== What is needed ==
All lines from the start of the listing below through the line containing "Pjur Back Door" are to be written out again exactly, and no others.

[Record excerpts]

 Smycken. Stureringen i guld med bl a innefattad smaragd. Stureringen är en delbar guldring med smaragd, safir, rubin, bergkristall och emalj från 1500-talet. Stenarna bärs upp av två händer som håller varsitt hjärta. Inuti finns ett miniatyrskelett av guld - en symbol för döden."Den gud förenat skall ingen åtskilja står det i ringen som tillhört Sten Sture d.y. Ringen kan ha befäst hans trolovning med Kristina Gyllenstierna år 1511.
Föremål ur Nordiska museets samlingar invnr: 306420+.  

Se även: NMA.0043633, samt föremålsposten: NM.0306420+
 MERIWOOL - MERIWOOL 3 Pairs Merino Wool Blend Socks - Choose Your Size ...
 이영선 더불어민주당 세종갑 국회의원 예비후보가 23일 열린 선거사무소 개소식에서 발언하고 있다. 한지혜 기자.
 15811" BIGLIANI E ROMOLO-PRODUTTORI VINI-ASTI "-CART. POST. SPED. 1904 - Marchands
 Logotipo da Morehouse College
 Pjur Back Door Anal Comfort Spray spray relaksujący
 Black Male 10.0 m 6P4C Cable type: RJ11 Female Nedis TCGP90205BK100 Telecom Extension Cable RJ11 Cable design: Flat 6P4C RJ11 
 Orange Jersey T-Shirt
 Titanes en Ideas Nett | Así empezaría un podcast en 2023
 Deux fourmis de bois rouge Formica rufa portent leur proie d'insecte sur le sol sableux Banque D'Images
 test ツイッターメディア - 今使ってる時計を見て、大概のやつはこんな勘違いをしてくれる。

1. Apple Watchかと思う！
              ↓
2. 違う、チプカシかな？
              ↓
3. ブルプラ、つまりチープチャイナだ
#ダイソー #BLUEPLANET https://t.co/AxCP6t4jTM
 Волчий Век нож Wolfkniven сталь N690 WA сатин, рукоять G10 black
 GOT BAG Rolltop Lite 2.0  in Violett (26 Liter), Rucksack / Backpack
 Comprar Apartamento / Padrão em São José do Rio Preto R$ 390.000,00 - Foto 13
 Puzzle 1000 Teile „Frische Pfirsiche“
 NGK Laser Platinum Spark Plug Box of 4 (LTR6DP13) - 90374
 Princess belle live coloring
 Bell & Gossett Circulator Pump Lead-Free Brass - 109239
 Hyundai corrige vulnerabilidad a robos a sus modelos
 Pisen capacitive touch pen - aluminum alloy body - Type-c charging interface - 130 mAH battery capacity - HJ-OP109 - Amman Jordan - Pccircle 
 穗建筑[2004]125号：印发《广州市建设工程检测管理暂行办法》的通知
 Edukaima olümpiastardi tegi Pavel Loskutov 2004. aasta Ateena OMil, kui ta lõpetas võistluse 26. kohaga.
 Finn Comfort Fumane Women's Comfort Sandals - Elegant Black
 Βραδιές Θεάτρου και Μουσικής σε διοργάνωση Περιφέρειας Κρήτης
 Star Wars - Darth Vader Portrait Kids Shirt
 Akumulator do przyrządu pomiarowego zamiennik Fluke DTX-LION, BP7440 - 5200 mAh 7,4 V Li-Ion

[/Record excerpts]

== Exercise solution ==
 Smycken. Stureringen i guld med bl a innefattad smaragd. Stureringen är en delbar guldring med smaragd, safir, rubin, bergkristall och emalj från 1500-talet. Stenarna bärs upp av två händer som håller varsitt hjärta. Inuti finns ett miniatyrskelett av guld - en symbol för döden."Den gud förenat skall ingen åtskilja står det i ringen som tillhört Sten Sture d.y. Ringen kan ha befäst hans trolovning med Kristina Gyllenstierna år 1511.
Föremål ur Nordiska museets samlingar invnr: 306420+.  

Se även: NMA.0043633, samt föremålsposten: NM.0306420+
 MERIWOOL - MERIWOOL 3 Pairs Merino Wool Blend Socks - Choose Your Size ...
 이영선 더불어민주당 세종갑 국회의원 예비후보가 23일 열린 선거사무소 개소식에서 발언하고 있다. 한지혜 기자.
 15811" BIGLIANI E ROMOLO-PRODUTTORI VINI-ASTI "-CART. POST. SPED. 1904 - Marchands
 Logotipo da Morehouse College
 Pjur Back Door Anal Comfort Spray spray relaksujący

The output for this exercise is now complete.